Preparation of porous silicon coated with chitosan (pSi-ch)

A 1% chitosan solution was prepared by dissolving 10 mg chitosan from crab shells, 85% deacetylated (Sigma Aldrich, St. Louis, MO, USA) in 1 mL of 15% v/v aqueous acetic acid and stirring overnight. The fpSi sample was coated with chitosan by spin coating (Laurell WS-400B-6NPP-Lite, Laurell Technologies, North Wales, PA, USA) using 150 μL of chitosan solution at a final speed of 100 rpm for 10 min and then drying at room temperature under nitrogen. The sample was then placed under vacuum to evaporate the remaining solvent. After the deposition, the pSi-ch samples were heated at 70°C on a hot plate for 10 min to cause a small amount of polymer infiltration into the pores, and this resulted in a slight red shift in the rugate reflectance peak position.

Instrumental procedures

The porosity and thickness of the porous silicon layers were estimated by the spectroscopic liquid infiltration method (SLIM), based on the measurement of the thin-film interference components of the reflectance spectra of the samples before and after infiltration of a liquid (ethanol) with known refractive index [16] by using an Ocean Optics USB-2000 spectrometer (Ocean Optics, Dunedin, FL, USA) configured for specular reflectance, working in back-reflection configuration in the range 400 to 1,000 nm. The reflectance spectra were recorded at five spots distributed across each sample in order to evaluate the homogeneity of each porous silicon sample. The values of the porosity and the thickness were determined by means of the two-component Bruggeman effective medium approximation [17]. The extent of chitosan infiltration into the porous silicon sample was also evaluated from the reflectance spectrum.

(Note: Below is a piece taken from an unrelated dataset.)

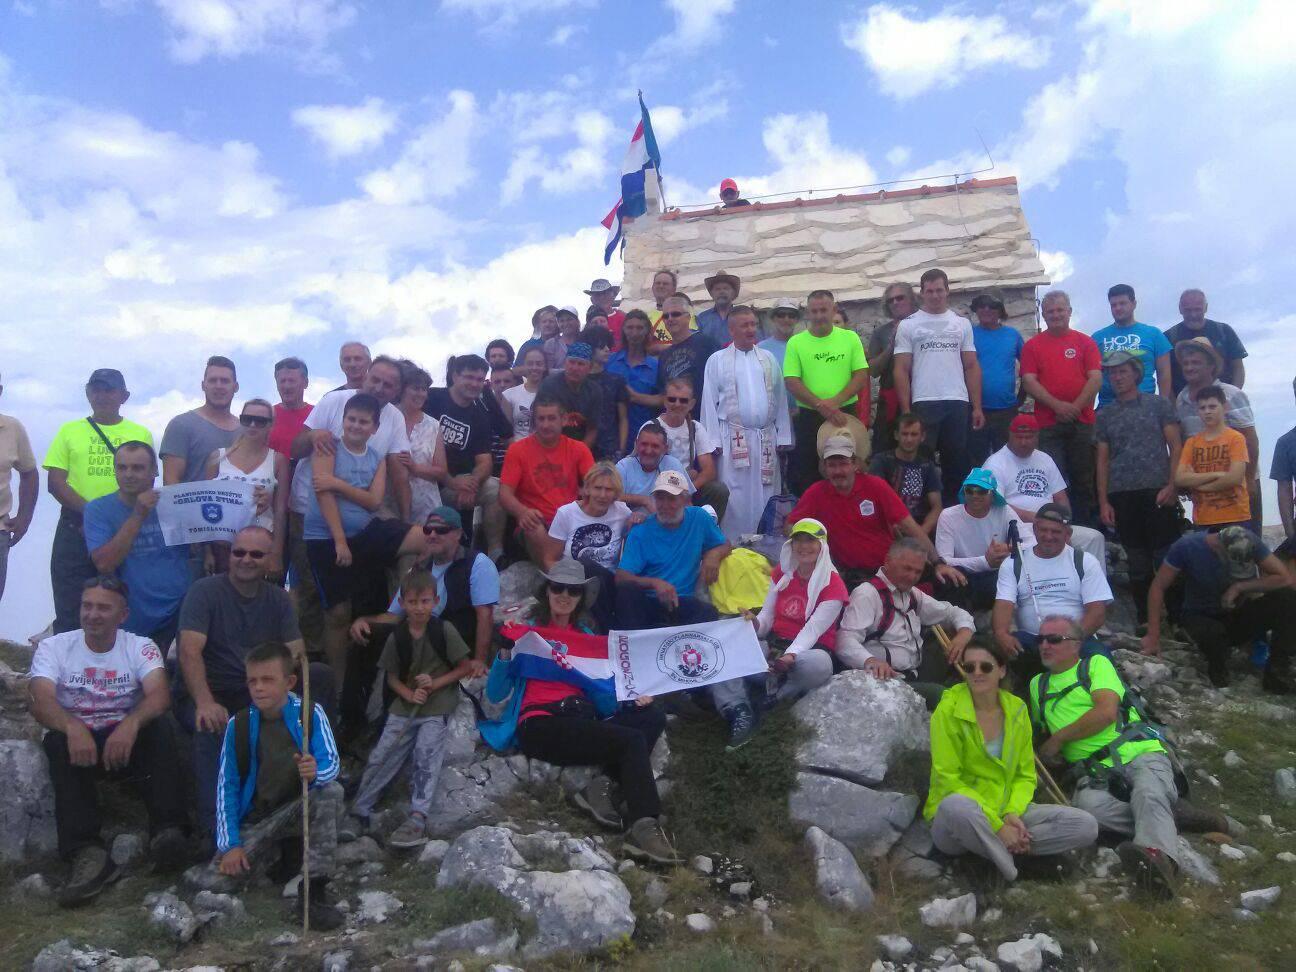 Za blagdan Sv. Ilije: Više od 100 hodočasnika na Biokovu

The freshly prepared (fpSi) and modified (pSi-ch) porous silicon samples were characterized using a Thermo Scientific Nicolet 6700 FTIR (Thermo Fisher Scientific, Waltham, MA, USA) with a Smart iTR diamond ATR fixture. The morphology of the porous silicon was measured by scanning electron microscopy (SEM) using a FEI XL30 SEM (FEI, Hillsboro, OR, USA) operating in secondary electron imaging mode. To avoid sample charging anomalies, the porous Si samples were metalized with a thin layer of gold prior to the SEM analysis. The pore size and the porosity oscillations of the rugate filter structure were evaluated with this analysis.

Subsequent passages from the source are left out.